Let’s Write a Game Boy Emulator in Python

There’s a lot to be said for staid, old gaming platforms from the 1980s and 90s. Chief among them is nostalgia – if you’re old enough to remember them, that is – and a fondness for a time when both gaming and computer hardware were simpler and easier to understand.

alt
The 4.194304 MHz monochrome Game Boy released in 1989.

But for those of you who don’t know, the Game Boy is an iconic, portable gaming device designed to play computer games using cartridges you slot into the back of the device. The original Game Boy had a monochrome display; an 8-bit Z80-style CPU with 4.194304 MHz; a whopping 8 KiB of working RAM and 8 KiB of video RAM; and 4 stereo sound channels. It also had a Liquid-Crystal Display (LCD) screen, a directional game pad and a couple of keys action keys. Popular games included Super Mario, Tetris and, of course, Pokémon.

And in this course I’m going to teach you how to write a Game Boy emulator in Python.

What’s an Emulator?

Let’s briefly talk about what an emulator is. In our case, the Game Boy emulator we’ll write will mimic as many of the components that make up the Game Boy as we need to, to make it work. But, there’s a lot of obscured context to that statement: what does it mean to mimic something? How do you simulate the intricacies of an LCD — and do you even try or just settle for drawing stuff to your screen? What about the CPU, the RAM and the physical buttons? What about the cartridges that hold the games?

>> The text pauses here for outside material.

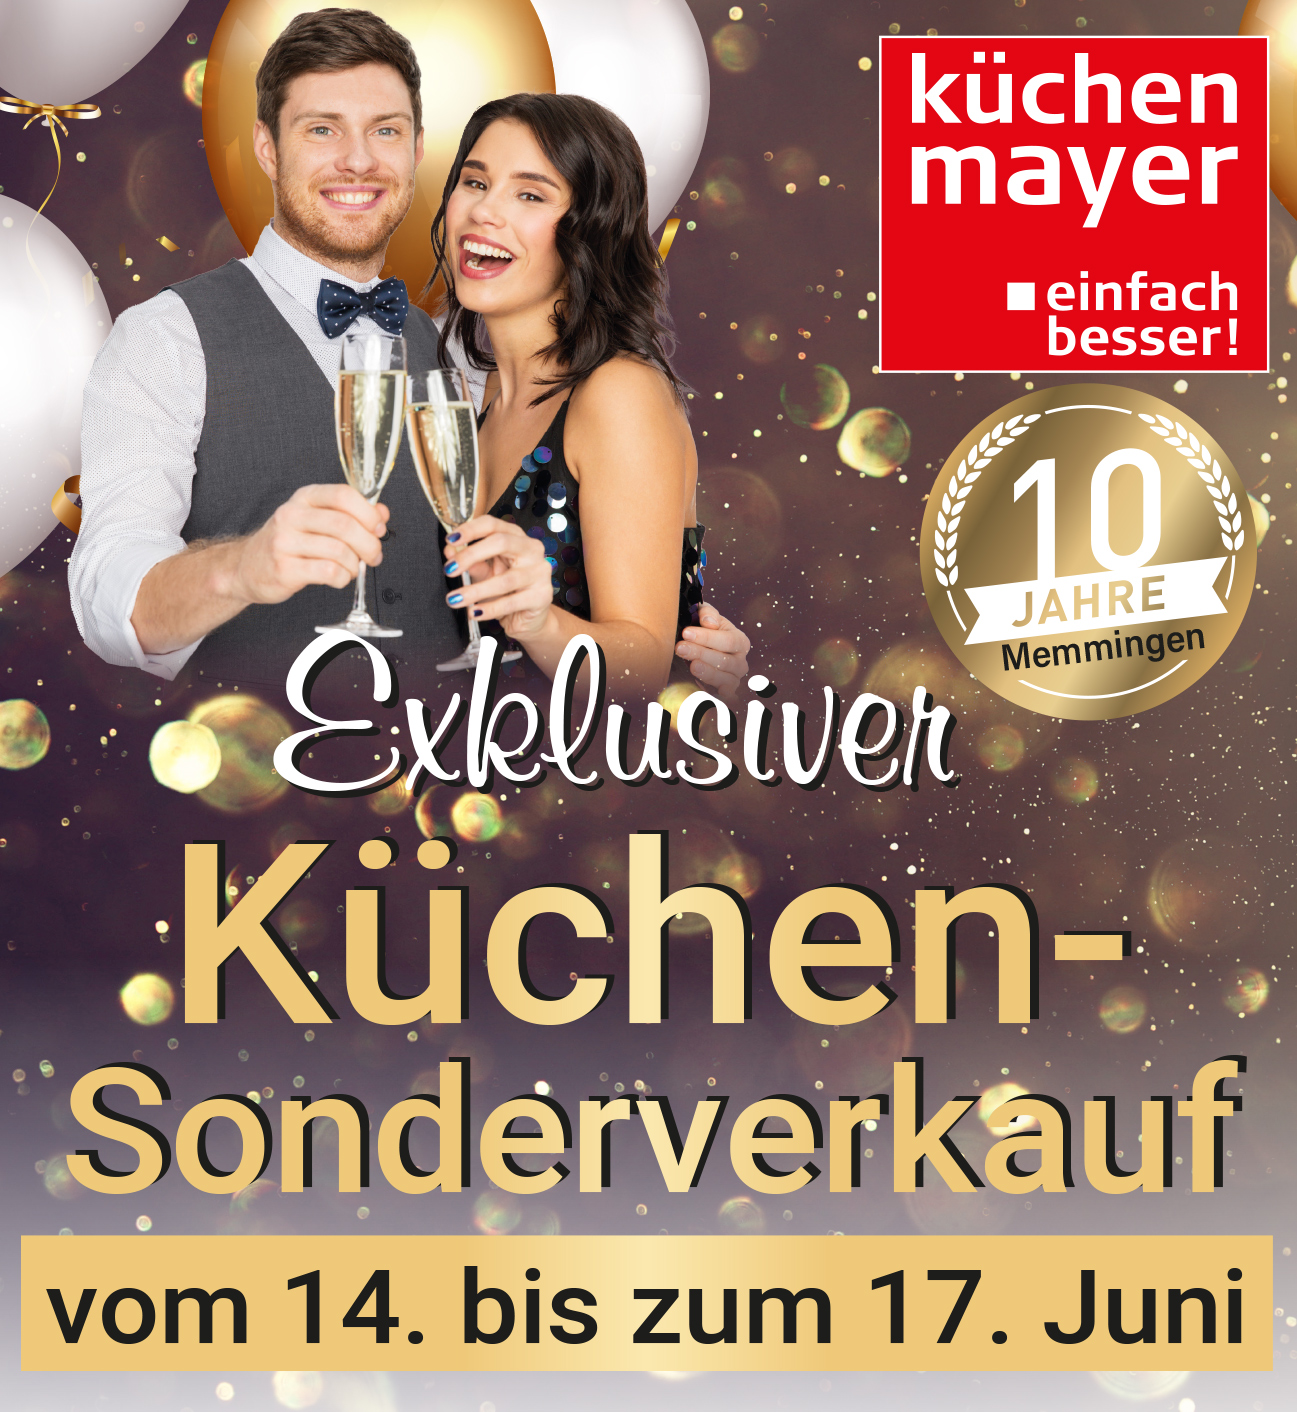 Exklusiver Küchen-Sonderverkauf bei Küchen Mayer in Memmingen - nur vom 14. bis zum 17. Juni

The determination of what is a good or bad emulator comes down to careful trade-offs. It’s not always feasible (or useful) to perfectly render unto your host system every hardware quirk or software foible the source system has. There are also other considerations such as whether the host system is even capable of accurately emulating it in the first place.

So the job of an emulator writer is picking your battles and conceding that some things (certain games, in our case) cannot be made to work without a disproportionate amount of work versus what the return on that investment is. The intricacies of how the different pieces of hardware interacted with each other, and the extreme lengths the programmers went through to eke out every cycle of performance, means there’s an awful lot of obscure behavior that you must implement if you truly want a cycle-accurate emulator. Now, I will not be striving for that level of emulation as the educational “return on investment” drops sharply.

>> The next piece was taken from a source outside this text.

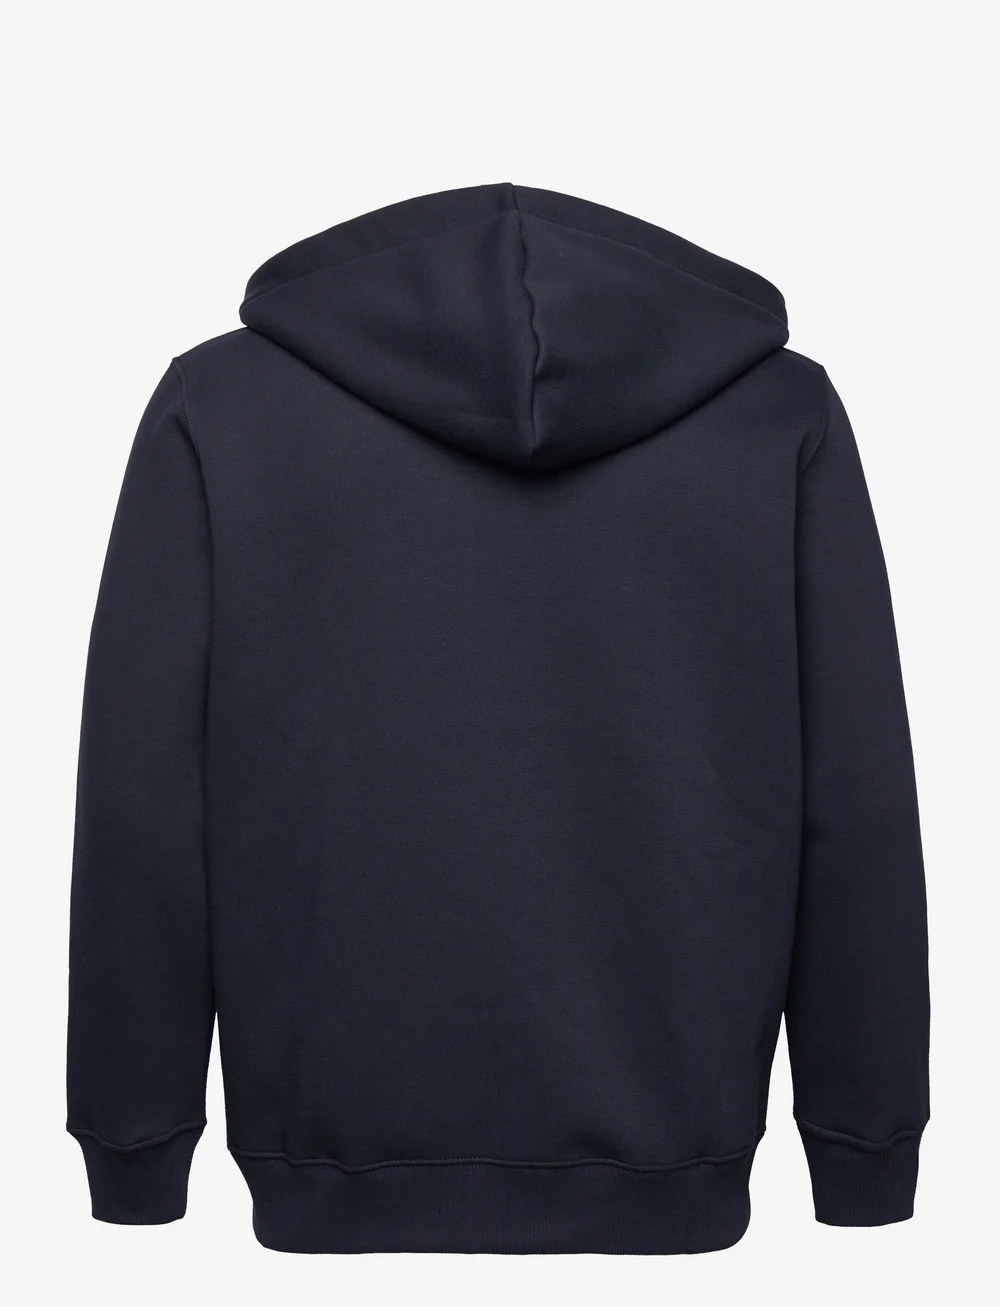 Alpha Industries Basic Zip Hoody – sweatshirts & hoodies – shop at Booztlet

A cycle-accurate emulator attempts to mimic the characteristics of the original system such that the timings of the emulated system hews as close to the real system as possible. Achieving this level of emulation is required for some games and applications, but not all.

But saying that, how these intricate components interact is absolutely something we’ll encounter: there are many edge cases and design quirks where we’ll have to weigh the benefits of trying to accurately mirror what the real system does, in lieu of simply proclaiming it “good enough” and moving on.

As this is an educational course the main focus is teaching the concepts that result in a passable emulator capable of running some Game Boy cartridges. So even if you are not prima facie interested in the Game Boy, the lessons you’ll learn from following the course will leave with a deep understanding of software and systems programming nonetheless.

Intended Audience

You don’t need to be an expert in Python nor systems programming to have a go at this. The entirety of the course is designed to gently introduce each concept that you’ll work on. That does not mean you’ll sit down and knock this out in a weekend even if you are; it’s a pretty large undertaking, but thankfully one where the payout is the experience of building the emulator.

What You’ll Learn

CPU Design and CPU Architecture

The Z80-style CPU is very similar to the foundational 8080 CPU design that modern Intel CPUs can trace their lineage back to. Although the Z80 is similar to the CPU in the Game Boy, it is not entirely the same: it’s most likely an Intel 8080-style Sharp CPU called LR35902, but I will instead use the term Z80 even though it’s not 100% truthful. The reason for that is there’s scant documentation for the Sharp CPU on the internet except references to just the Game Boy. The Z80 – even though it is different in a number of ways from the Sharp – is reasonably similar and has a very large body of documentation online.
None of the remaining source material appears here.